Print out the full material below, exact in every line, with no images included.

INFORMATION PROVIDED:

= Beginning of Section =

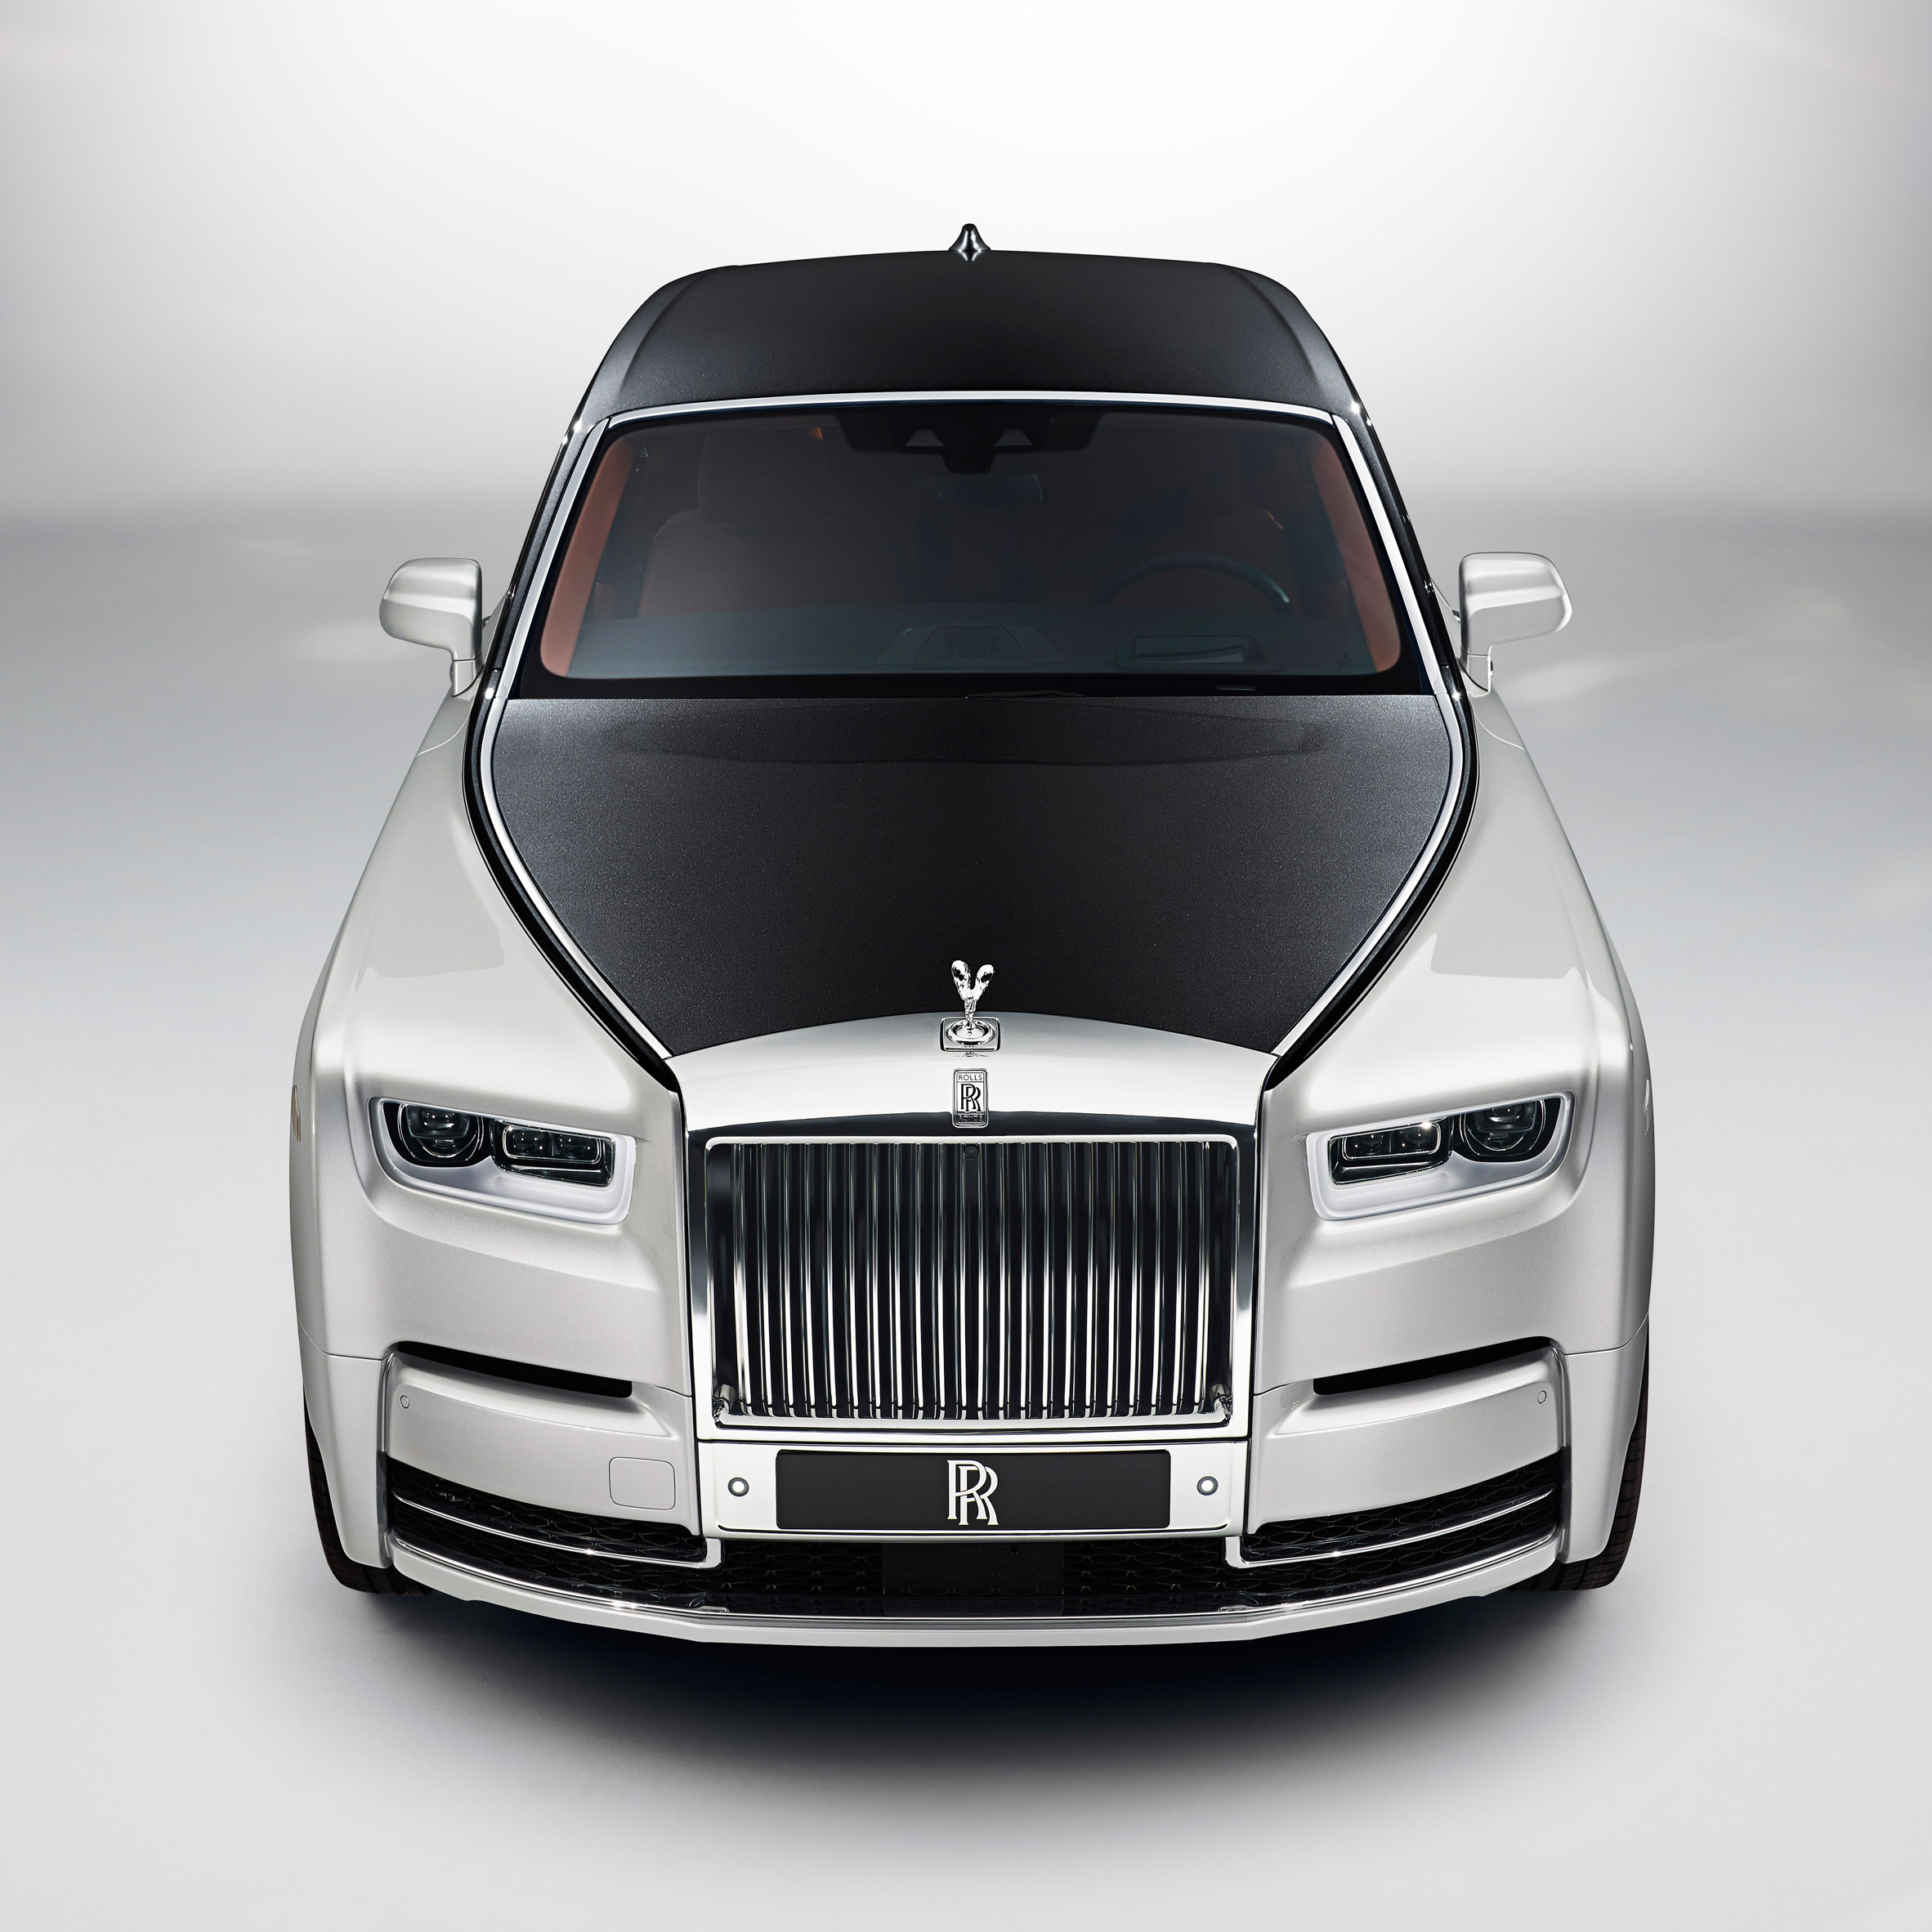 Latest Rolls-Royce Phantom incorporates an art gallery in its
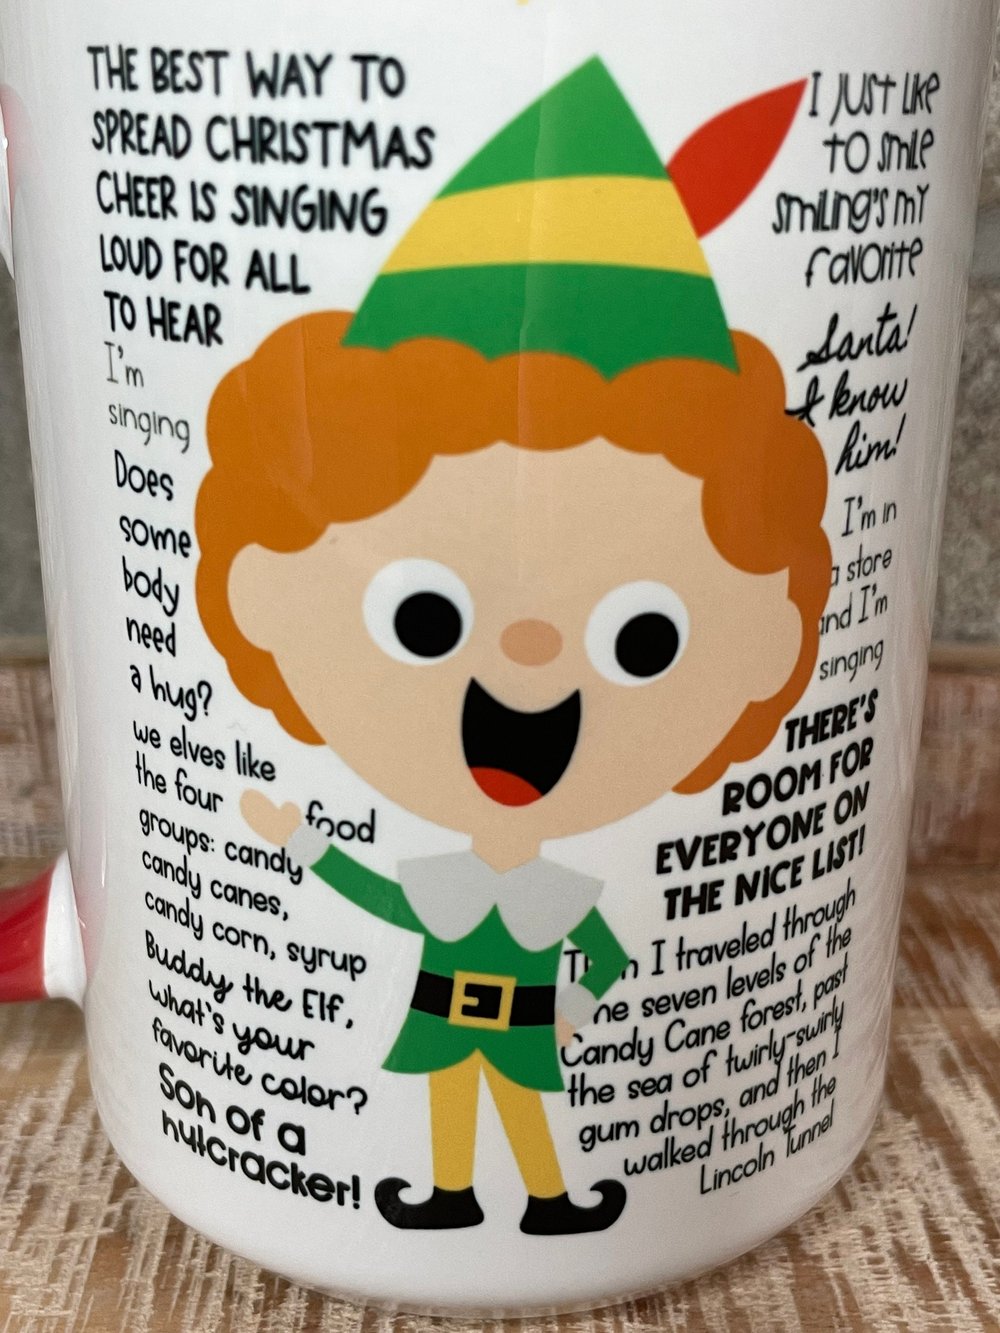 Buddy the Elf Santa, I know him! Tumbler Cup
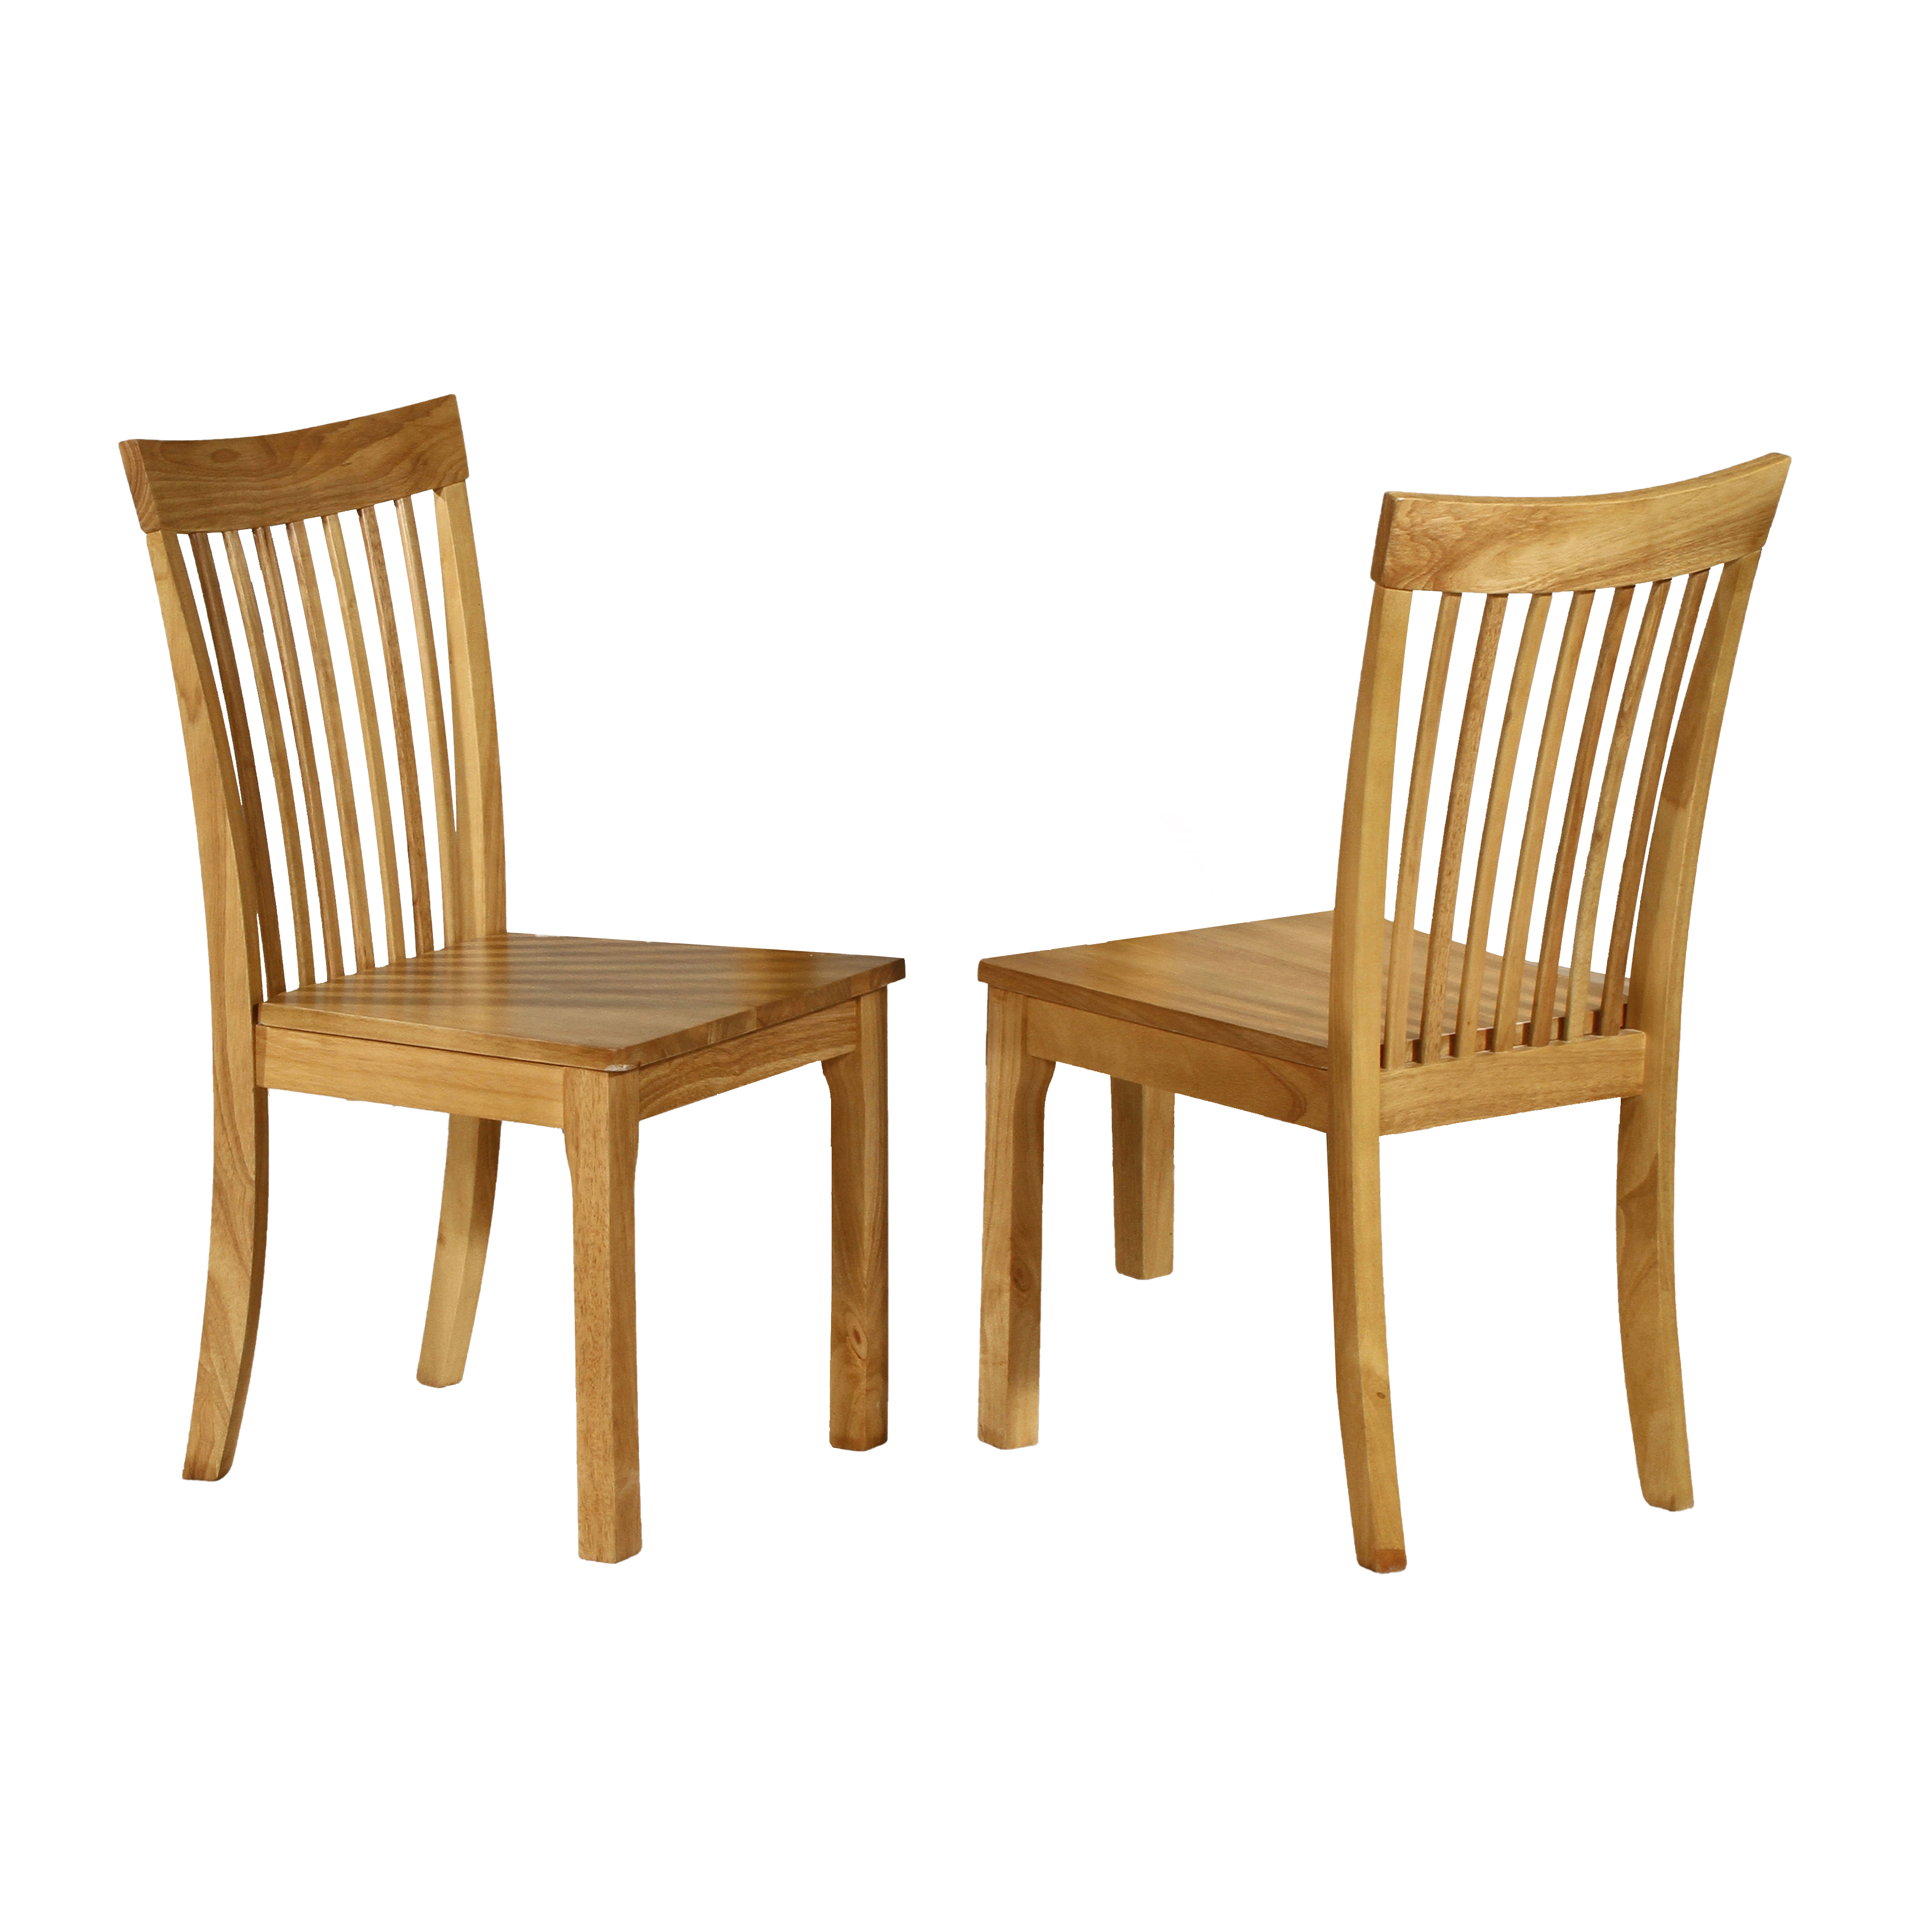 Kurmer Wood Chair - Set of 2 (Natural)

= End of Section =

WRITTEN SOLUTION:
 Latest Rolls-Royce Phantom incorporates an art gallery in its
 Buddy the Elf Santa, I know him! Tumbler Cup
 Kurmer Wood Chair - Set of 2 (Natural)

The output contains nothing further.